I still disagree with you, this is why so many breeders just break even or some actually lose money,it depends on various aspects of your outlook towards breeding.

I decided that I wanted to actually do this for a living, breeding cats, I provide a complete service, breeding , stud work, grooming parlour, boarding catteries, microchipping.So customer care is of paramount importance,I want them to come back year after year.If it is a case of you are a hobby breeder and you have one or two litters a year then I guess you dont have to worry about customer service or reputation as much.

Now you say "trade" I say "professional" just because you sell more or make money and treat people like customers,does not mean you are selling "trade" I provide a professional service,I have an office, a maternity wing,a kitten nursery,boarding catteries,grooming parlour, public liability insurance,I pay taxes on my cats,my cats are treated like royality,the quality of kitten I produce,I hand on heart believe will rival any breeder,of the same breed.

Finding good homes is as important to me as you, I vet candidates just as most breeders,I have never said I would sell a kitten to a home that I was not reassurred is a loving home. I just dont count people directly out because they try to haggle. As the saying goes dont judge a book by its cover.

And just because someone is trying to get a better deal,or is careful with their cash does not mean they will be a bad owner or they cant afford to give the kitten a great quality of life.

The trouble with this world is their is so many judgemental people.And for some reason they look down on people for various reasons,they tried to haggle,they were'nt smart enough,there house was'nt clean enough,they were to near a main road.

I have heard this all before whether it is breeding or rescue centres, for crying out loud,just because a person does not conform to your set of rules or societies perception of a model citizen does not necessarily mean they are going to be a bad owner or diminish their ability to be a fantastic loving devoted pet owner.


----------



## Kinjilabs (Apr 15, 2009)

Janee said:


> Dogs are status related. A dog is a 'fashion statement'. (Please don't get offended because I know that dog lovers buy their dogs for exactly the same reason that cat lovers buy their cats).
> 
> But dogs are much more visible than cats and that about sums it up, doesn't it?


Errrr my dog isnt status related, nor were my past 26 dogs, they were all my pets


----------



## havoc (Dec 8, 2008)

> If it is a case of you are a hobby breeder and you have one or two litters a year then I guess you dont have to worry about customer service or reputation as much.

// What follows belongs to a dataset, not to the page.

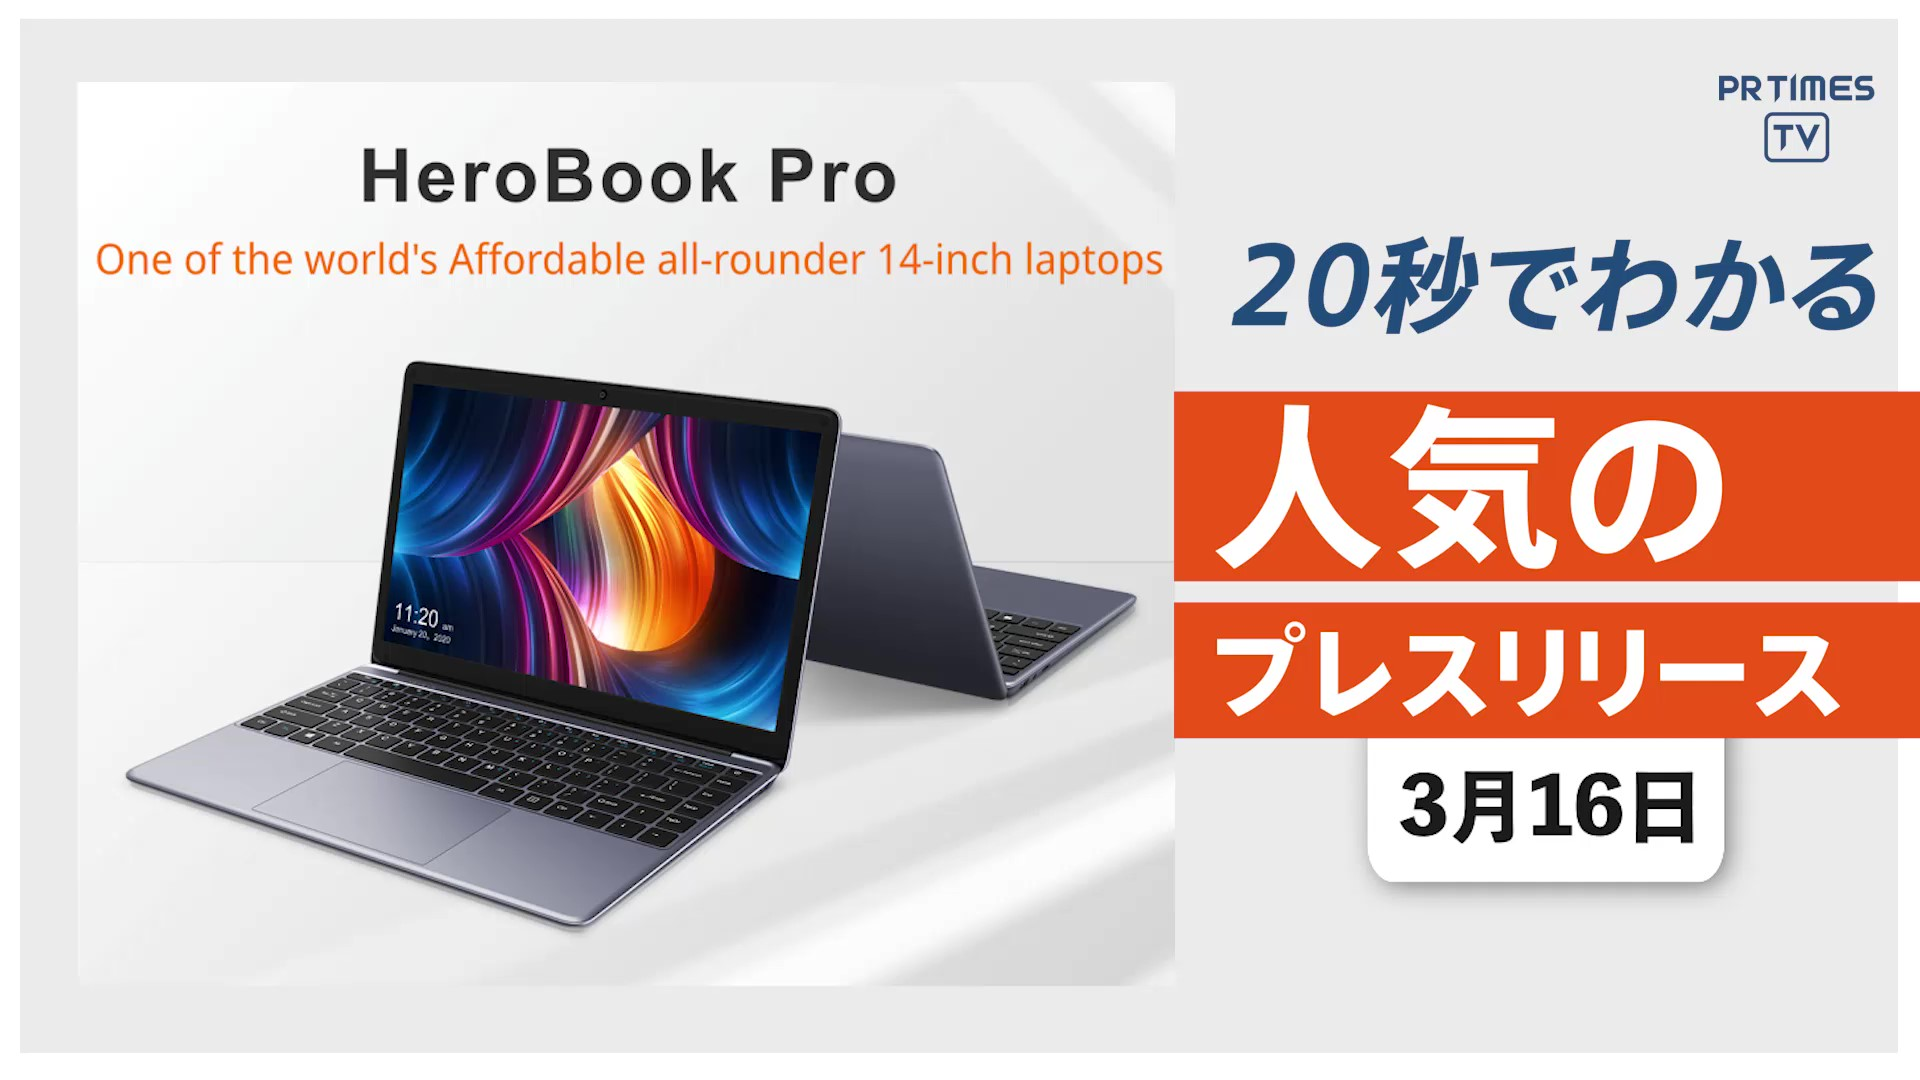 【高コスパノートPC「HeroBook」の後継モデルを発売】他、新着トレンド3月16日

Oh yes it does, at least it does to me. My reputation is everything to me. It's probably the reason I have a large litter here never advertised and all spoken for before they were 4 weeks old. It's why I can be choosy with my buyers and by definition that means I am judgemental.


----------



## havoc (Dec 8, 2008)

> this is why so many breeders just break even or some actually lose money


Hobby breeders should 'lose' money. Show me any hobby which doesn't cost you money. I can't think of another hobby where you are allowed to recoup some of your costs without it being considered income for tax purposes. It is ridiculous to imply breeders are doing something wrong by not making a profit. Any who do are 'producing goods to sell', that's never been what cat breeding is about to the majority and the taxman recognises this.


----------



## messyhearts (Feb 6, 2009)

tellingtails said:


> I still disagree with you, this is why so many breeders just break even or some actually lose money,it depends on various aspects of your outlook towards breeding.
> 
> I decided that I wanted to actually do this for a living, breeding cats, I provide a complete service, breeding , stud work, grooming parlour, boarding catteries, microchipping.So customer care is of paramount importance,I want them to come back year after year.If it is a case of you are a hobby breeder and you have one or two litters a year then I guess you dont have to worry about customer service or reputation as much.
> 
> ...


If someone is hesitant then the likelihood is much greater that they will turn around after realising that cats cost money after the initial purchase & return it to a breeder or rescue.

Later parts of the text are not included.